• Exercise description:
Return all the data exactly, keeping the pictures out.

• Source material:

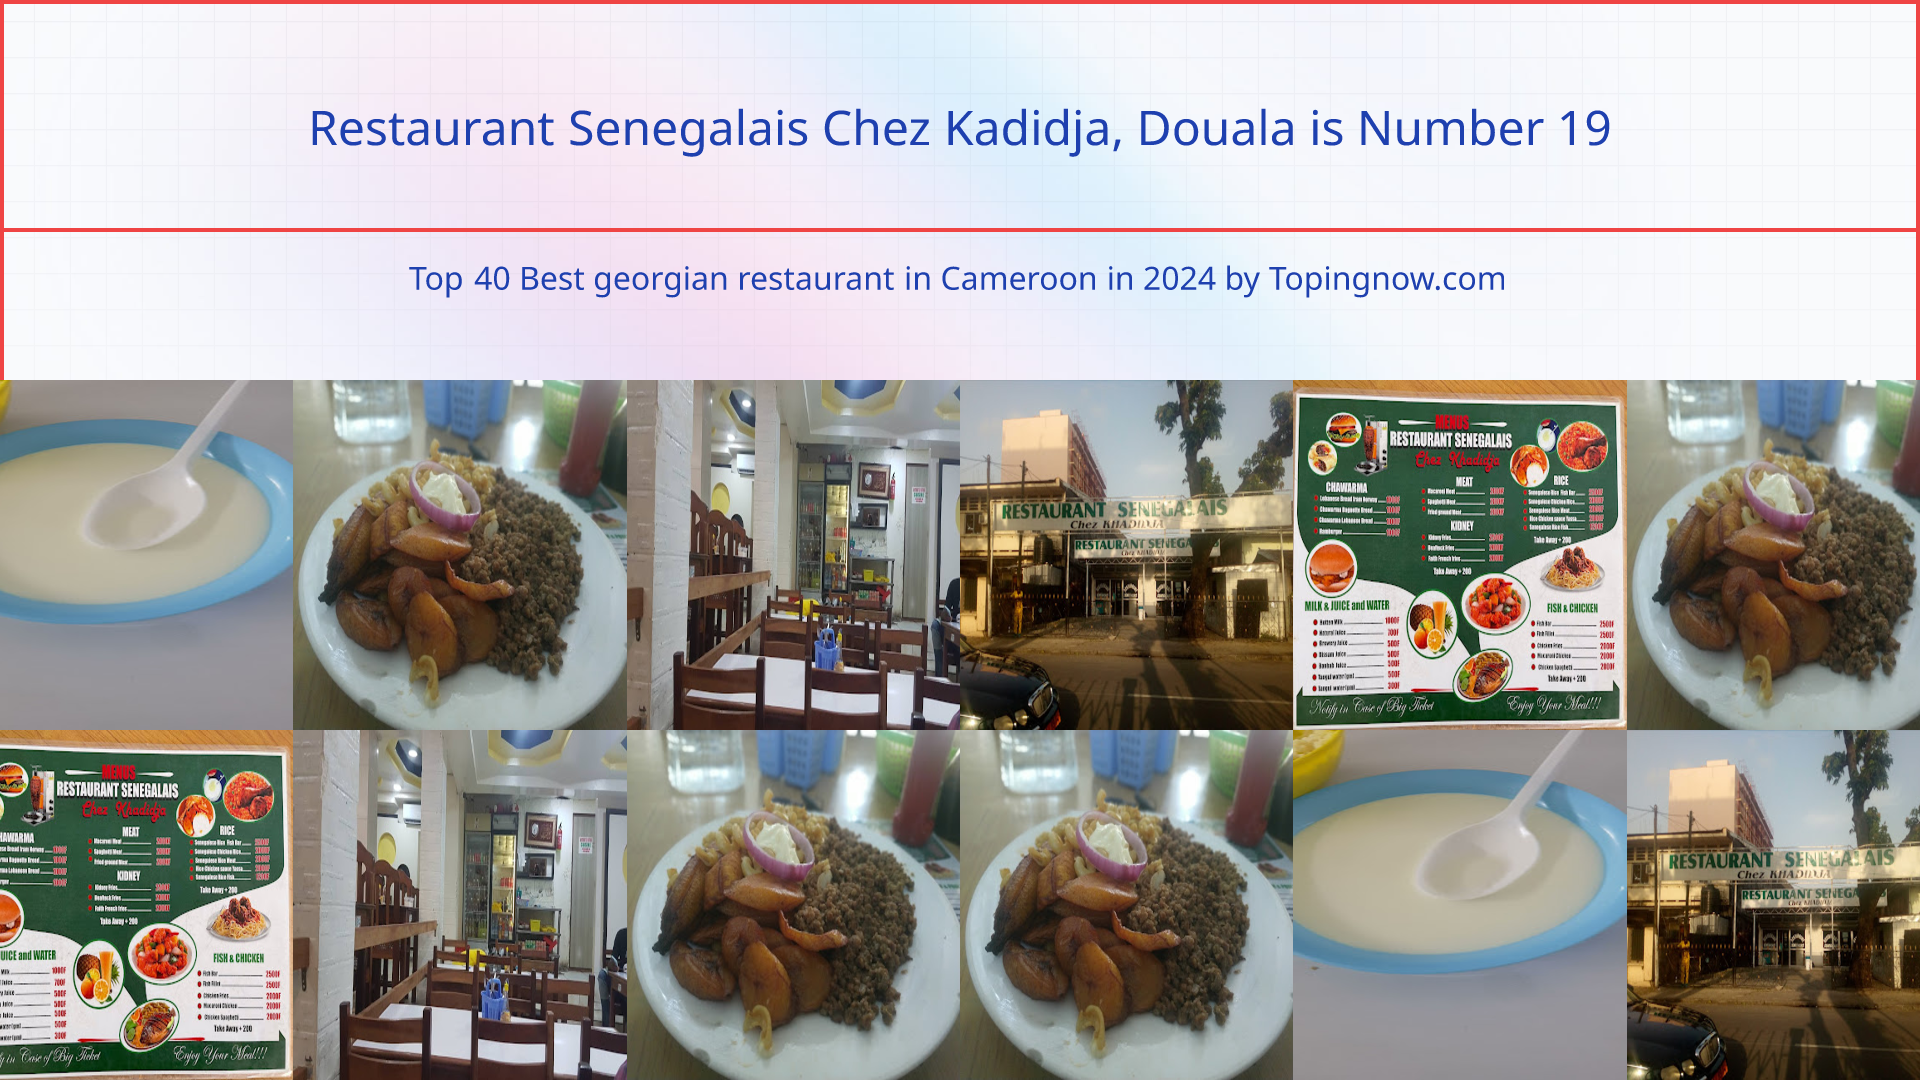 Restaurant Senegalais Chez Kadidja, Douala: Top 40 Best georgian restaurant in Cameroon in 2024
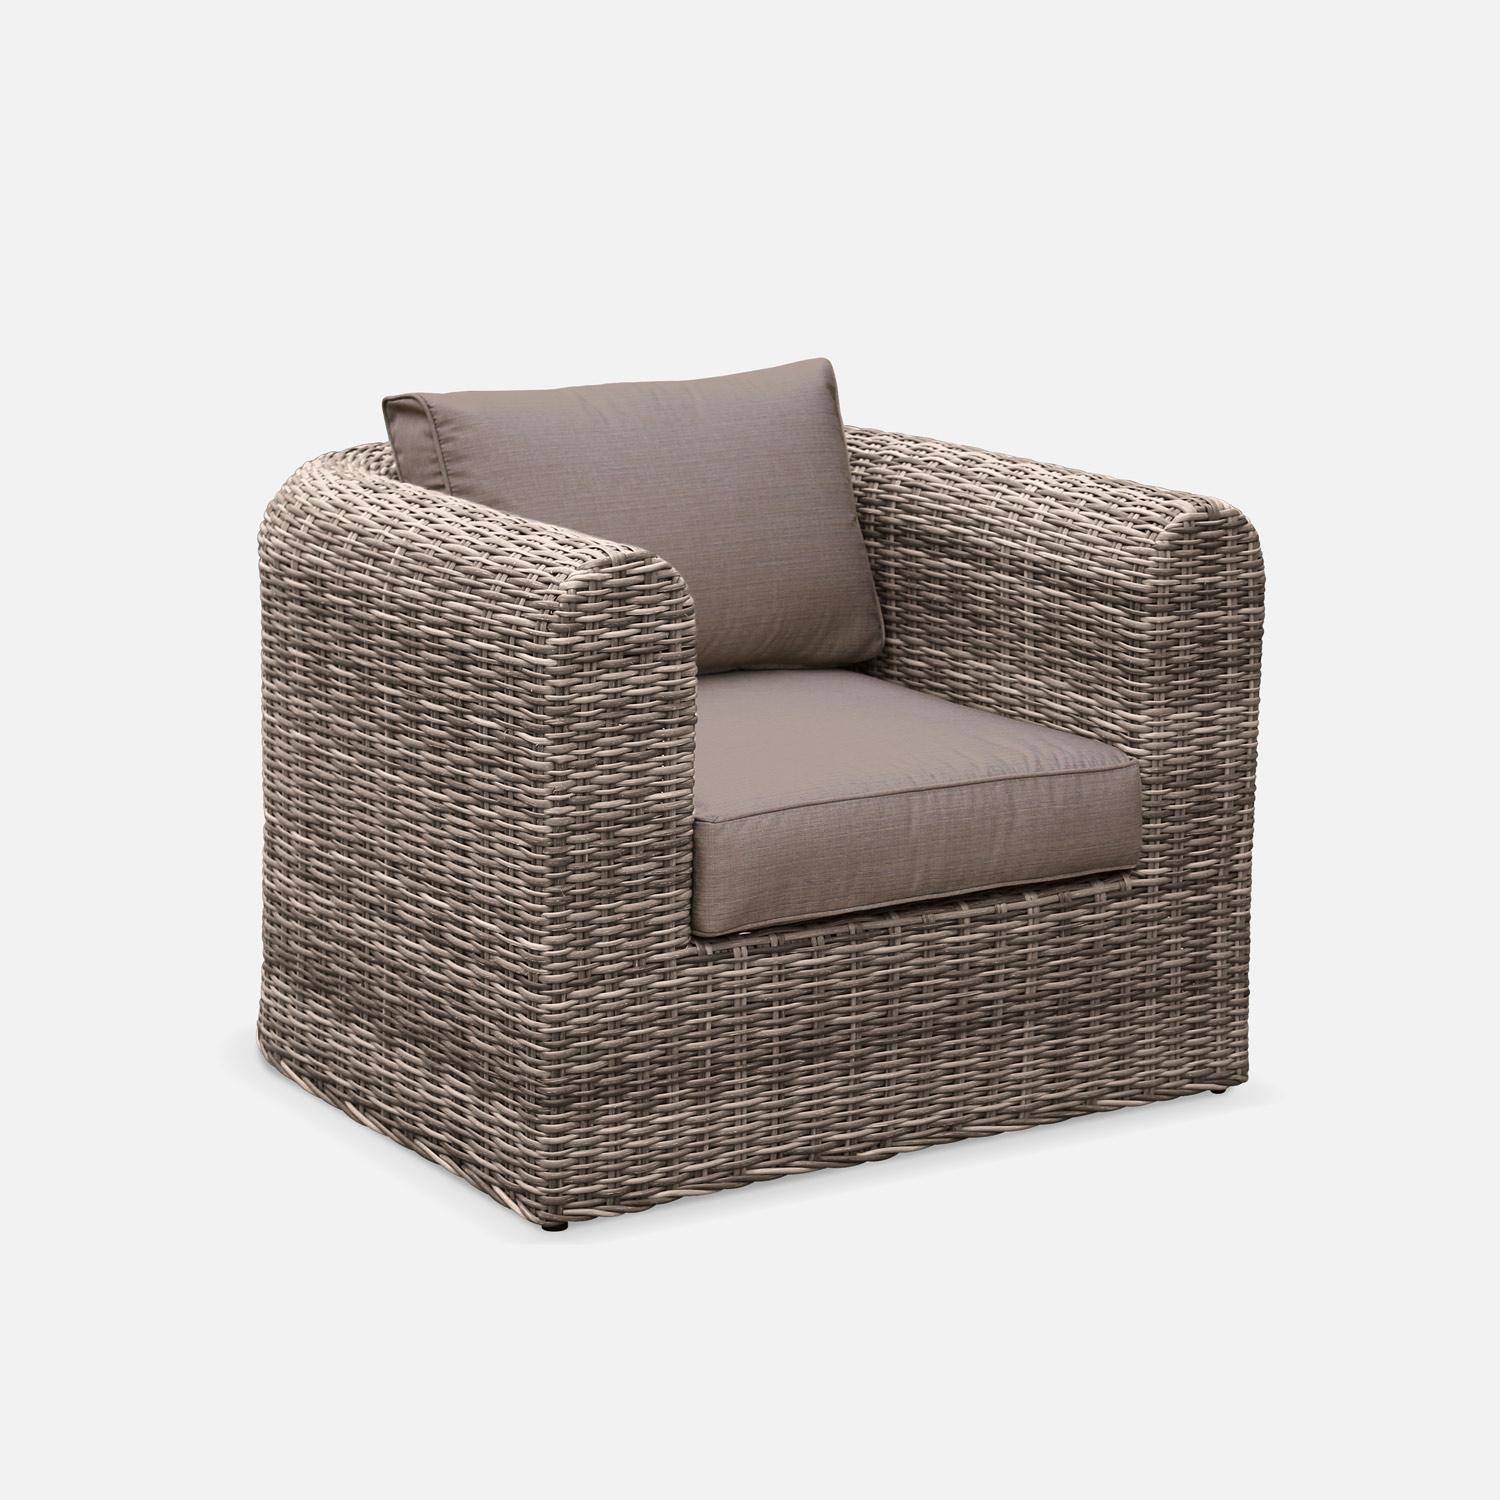 5-seater round rattan garden sofa set - 3-seater sofa, 2 armchairs, 1 coffee table - Juliano - Beige Photo3
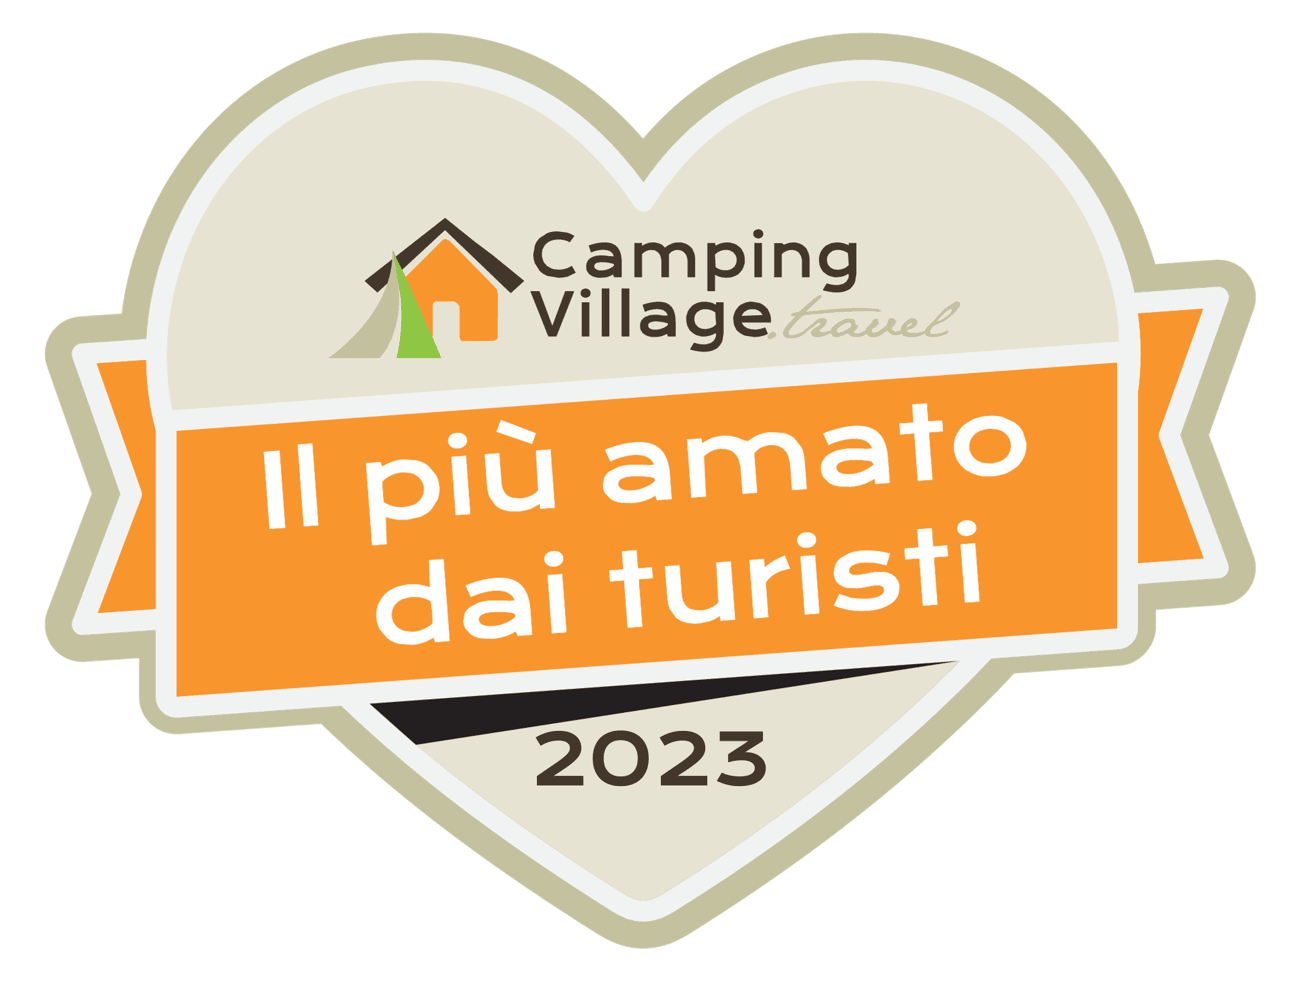 Camping Village Travel

• Exercise result:
 Restaurant Senegalais Chez Kadidja, Douala: Top 40 Best georgian restaurant in Cameroon in 2024
 5-seater round rattan garden sofa set - 3-seater sofa, 2 armchairs, 1 coffee table - Juliano - Beige Photo3
 Camping Village Travel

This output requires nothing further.